◆ REQUIREMENT
Exclude all pictures from your copy of the data below, which should otherwise match exactly.

◆ DATASET SECTION
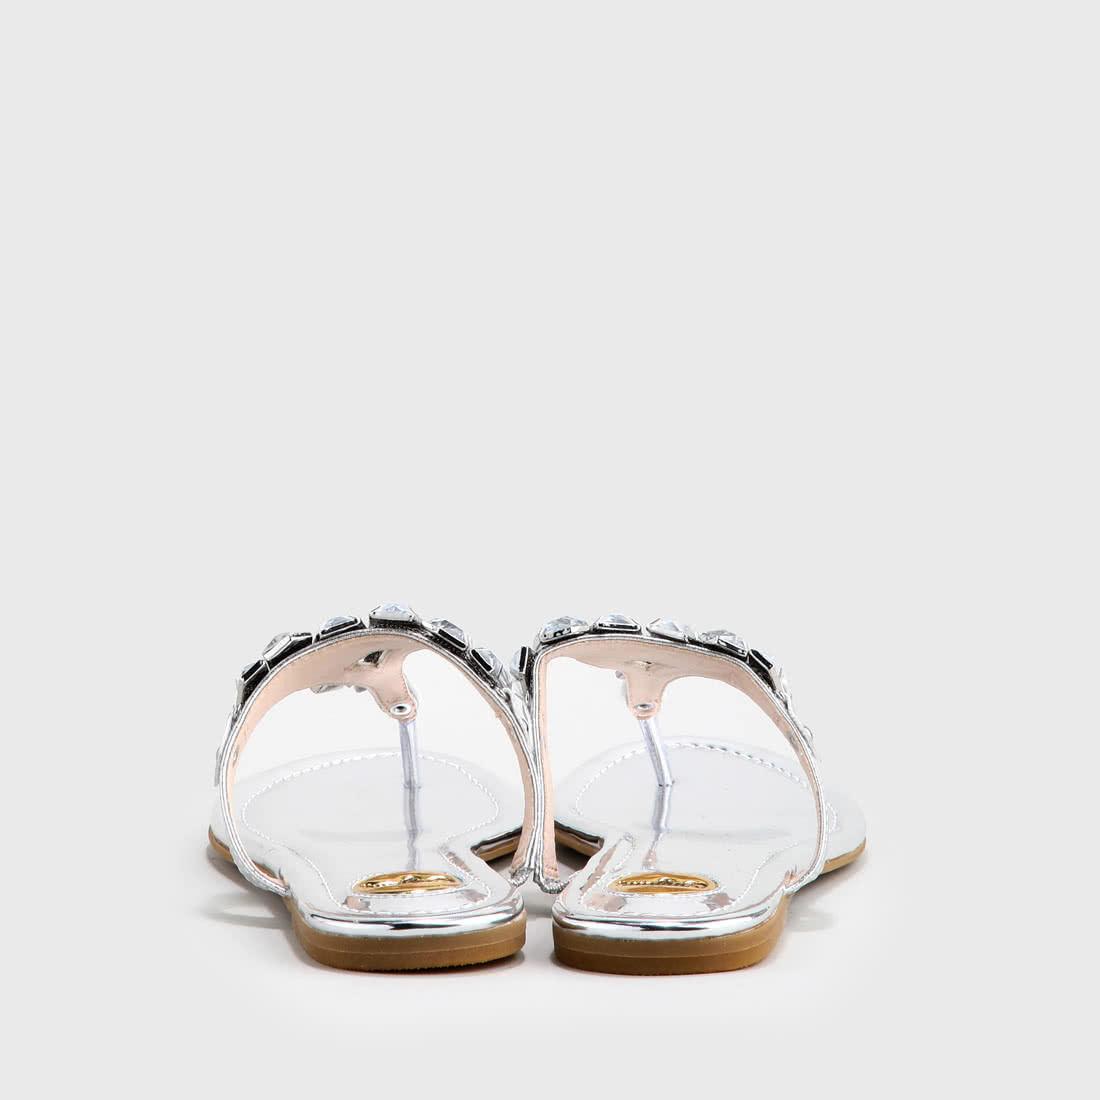 Edina Sandale Lederoptik silber online kaufen  BUFFALO
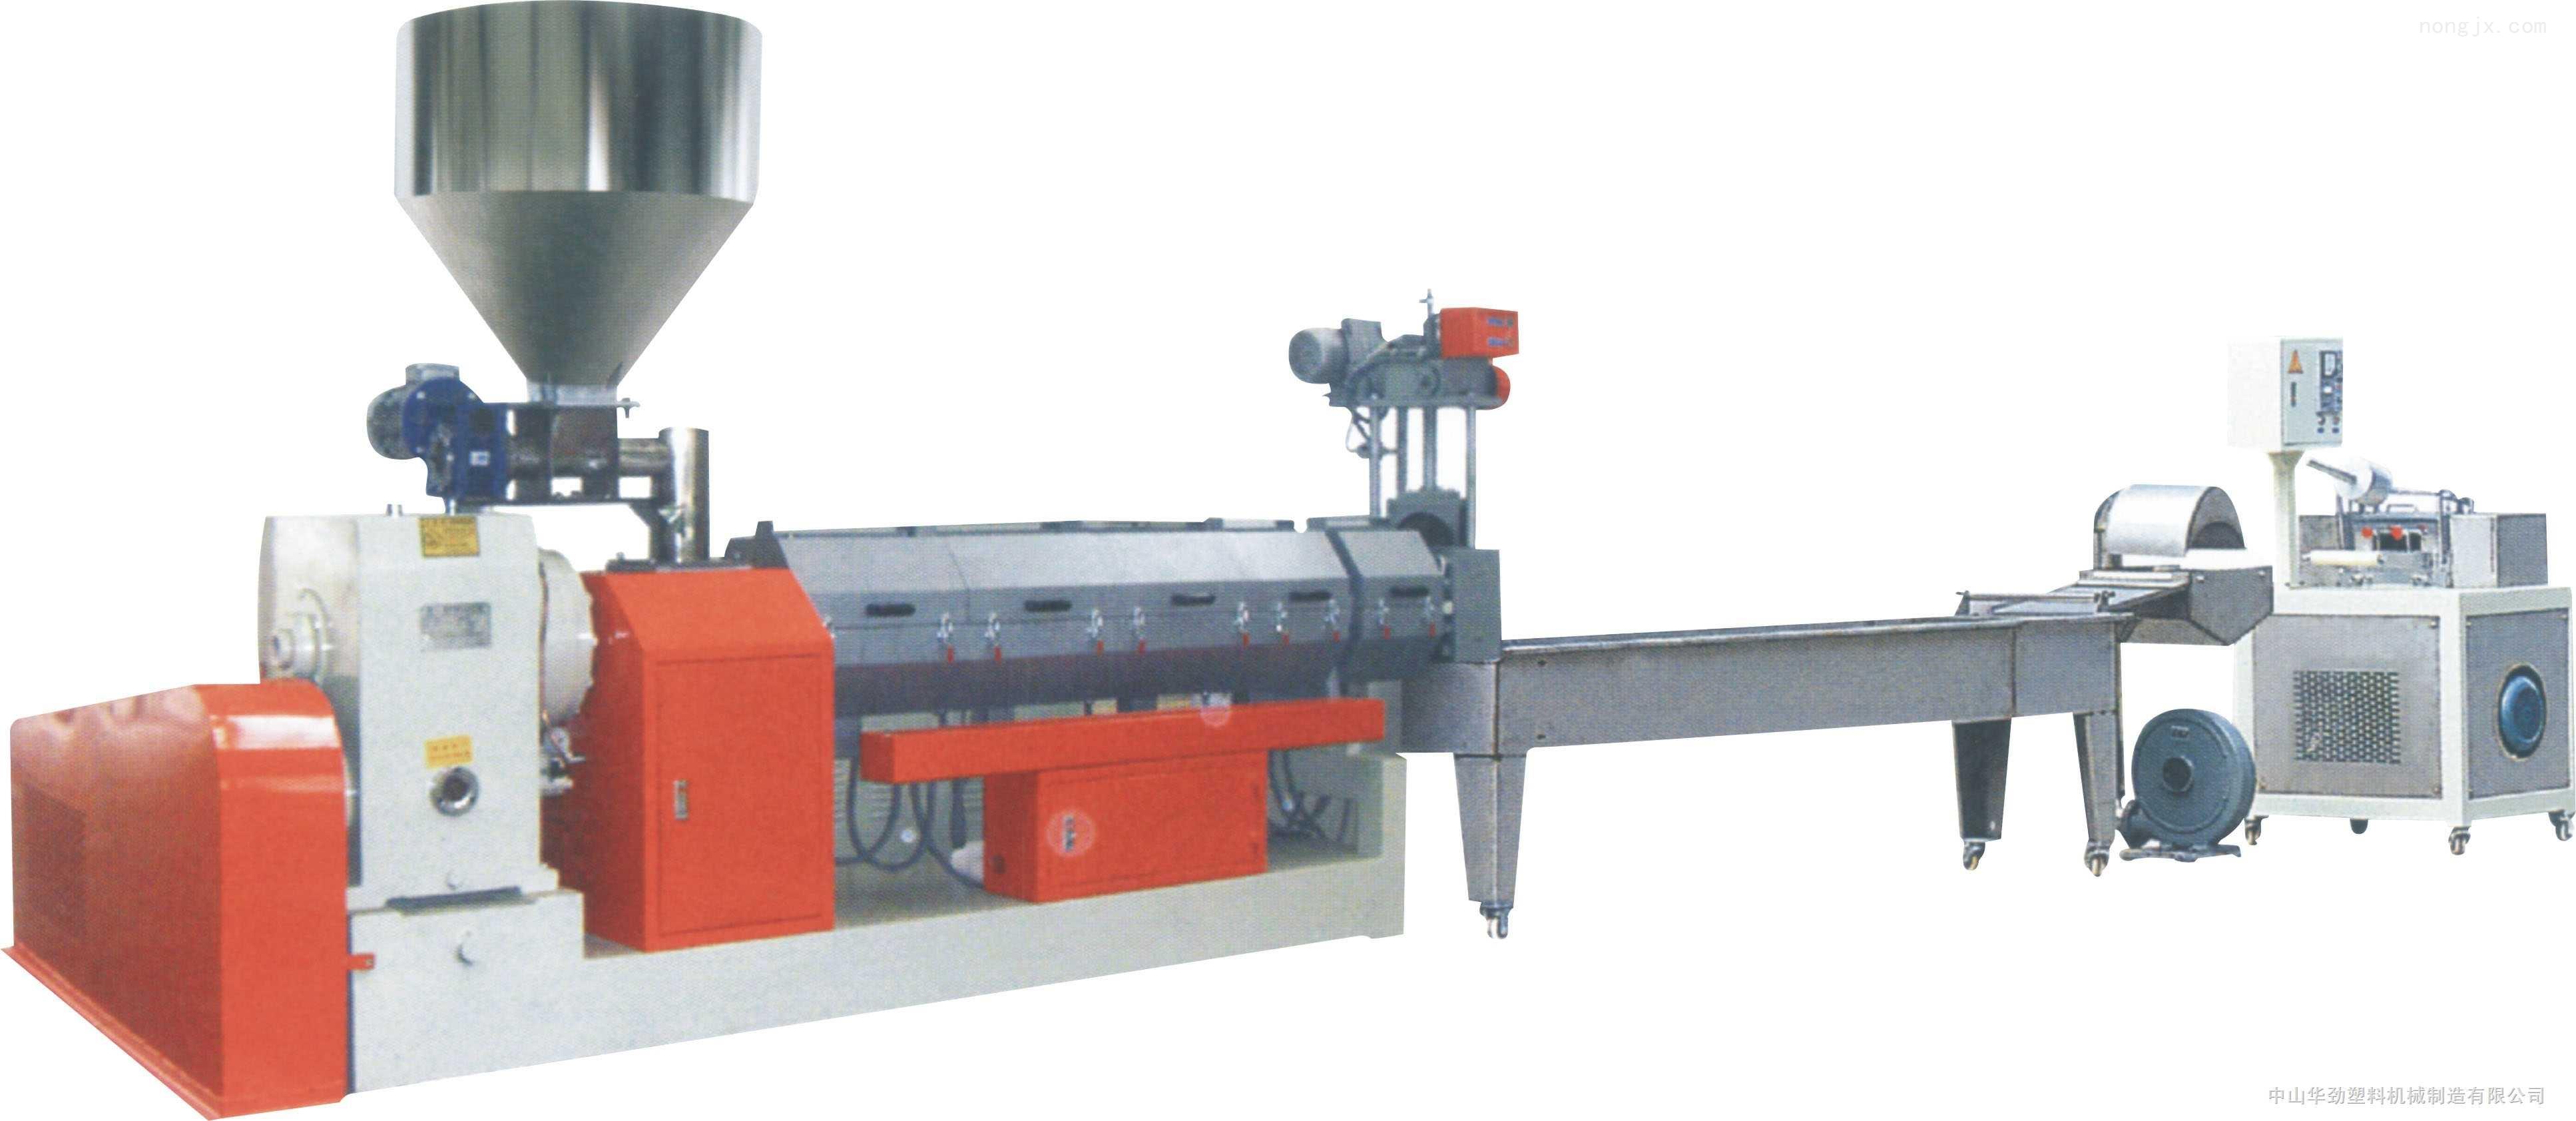 厂家直销,品质保证 HDPE 塑料挤出造粒机 B65-180/160
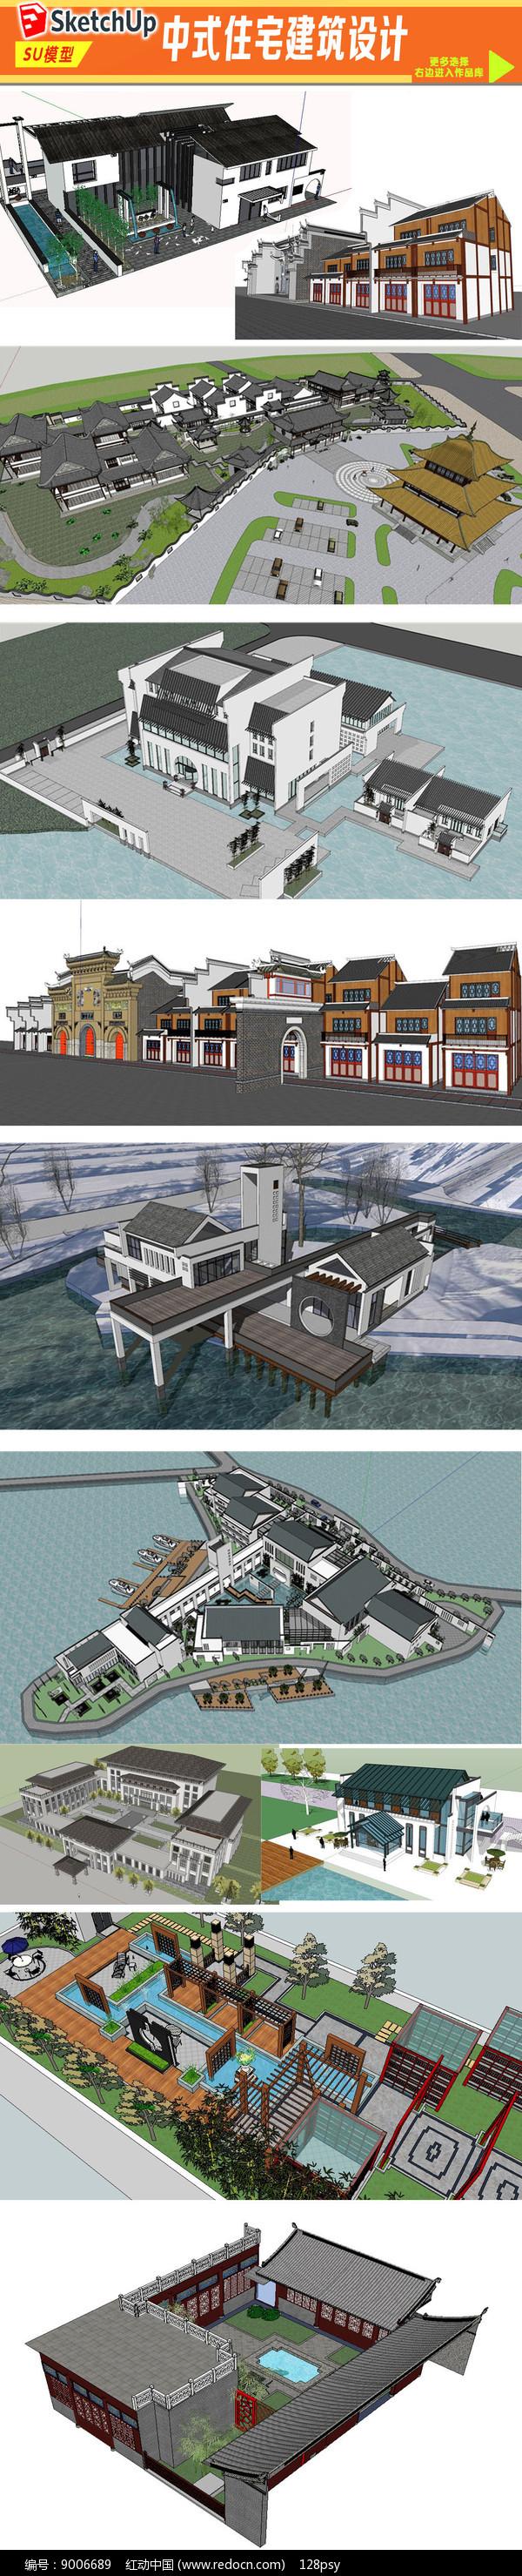 中式传统住宅建筑设计图片

◆ REPLY
 Edina Sandale Lederoptik silber online kaufen  BUFFALO
 厂家直销,品质保证 HDPE 塑料挤出造粒机 B65-180/160
 中式传统住宅建筑设计图片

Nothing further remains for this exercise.